A 1982 US study compared daily prednisone tablets for 12 weeks with no treatment. Thirty-five people took part. Fourteen participants received prednisone (10 male and four female, with a median age of 46.5 years) and 14 did not receive prednisone (nine male and five female, with a median age of 50 years). Those taking part and the trialists were aware of which treatment the participants received (i.e. they were not ‘blinded‘), which carries a risk of bias.

The second study compared two six-month corticosteroid treatment regimens: daily standard-dose prednisolone tablets, and high-dose dexamethasone tablets for four days each month. Multiple European centres did the trial, which reported its findings in 2010. Forty-one people took part but one person withdrew after one day because they did not want to continue and the diagnosis was wrong. Of those who continued, 24 (18 men and six women, average age 59.9 years) received monthly dexamethasone and 16 (10 men and six women, average age 60.8 years) received daily prednisolone.

There was no commercial support for either study. Funding for both came from an academic centre or charitable funds.

Key results

Neither included study reported our preferred primary outcome, which was a disability score.

After 12 weeks, in the trial of prednisone compared to no treatment, 12 of 19 participants on prednisone improved compared with five of 16 participants not on prednisone, based on measurement of disease severity by neurologists. Thus, improvement was about twice as common with prednisone. The small numbers in the trial and its limitations meant that even with this difference we are very uncertain about the size of any effect of prednisone. The trial authors did not report side effects in detail, but one person who received prednisone died. Corticosteroids are commonly used for CIDP in practice, based on favourable reports from non-randomised studies. Corticosteroids are well known to cause side effects, especially when people take large doses for a long time.

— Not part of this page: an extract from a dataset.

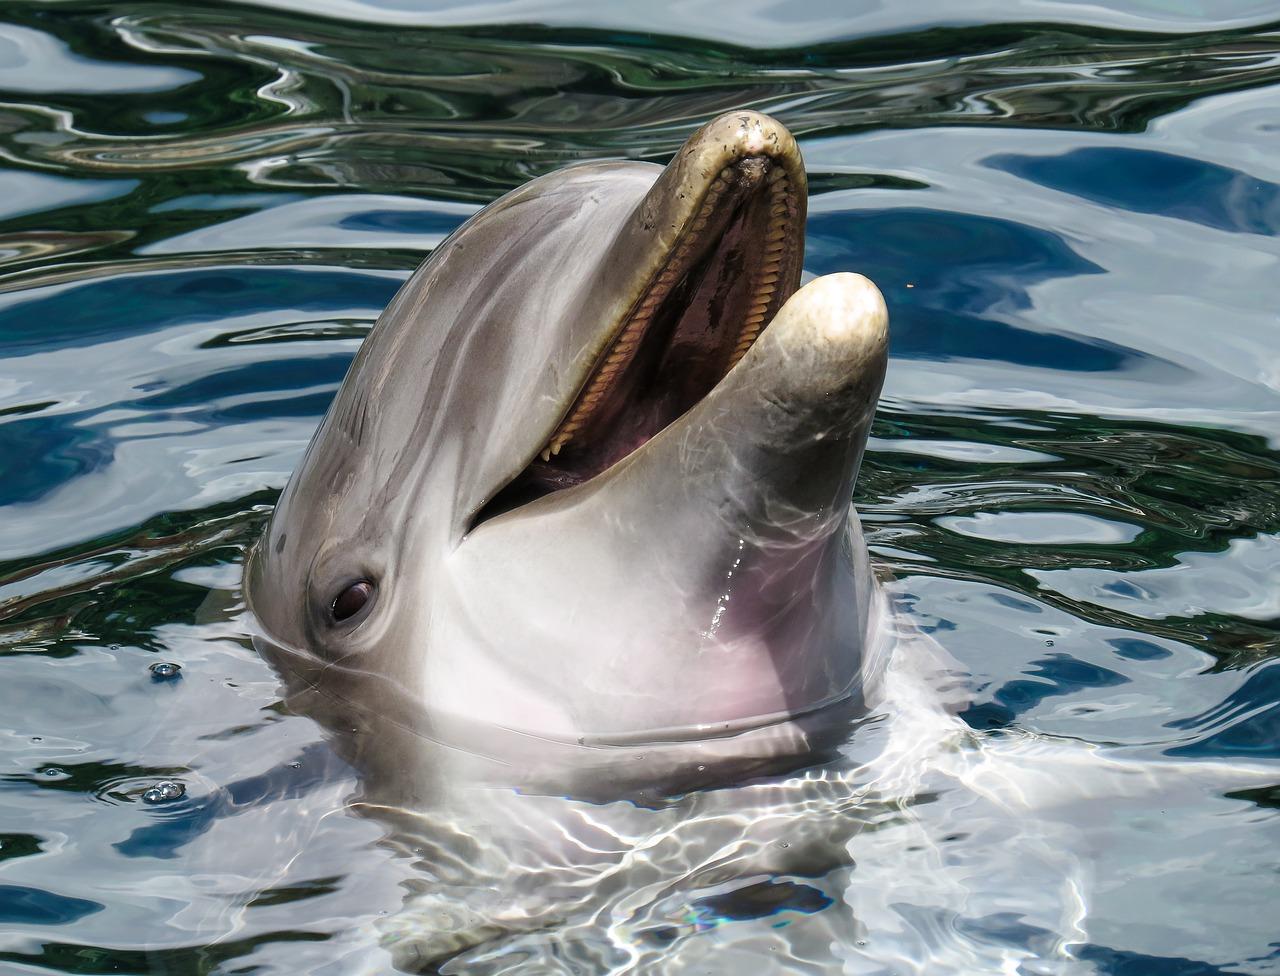 dolphin-1611509_1280.jpg

In the RCT comparing two corticosteroid regimens, 10 of 24 people on monthly dexamethasone and six of 16 people on daily prednisolone were well and off treatment after a year, which indicates effects that are probably similar. Changes in grip strength and scores of muscle strength were also probably similar between the treatment groups. Monthly dexamethasone and daily prednisolone had similar side effects to one another, except that with high-dose monthly dexamethasone, sleeplessness may be less common and a moon-shaped facial appearance is probably less common.

Quality of the evidence

The benefit and harm from prednisone in CIDP is uncertain. The quality of evidence is very low because only one small randomised trial with a high risk of bias is available.

Monthly dexamethasone and daily prednisolone may be of similar benefit in CIDP, but monthly dexamethasone may have fewer side effects.


The evidence is up to date to 8 November 2016.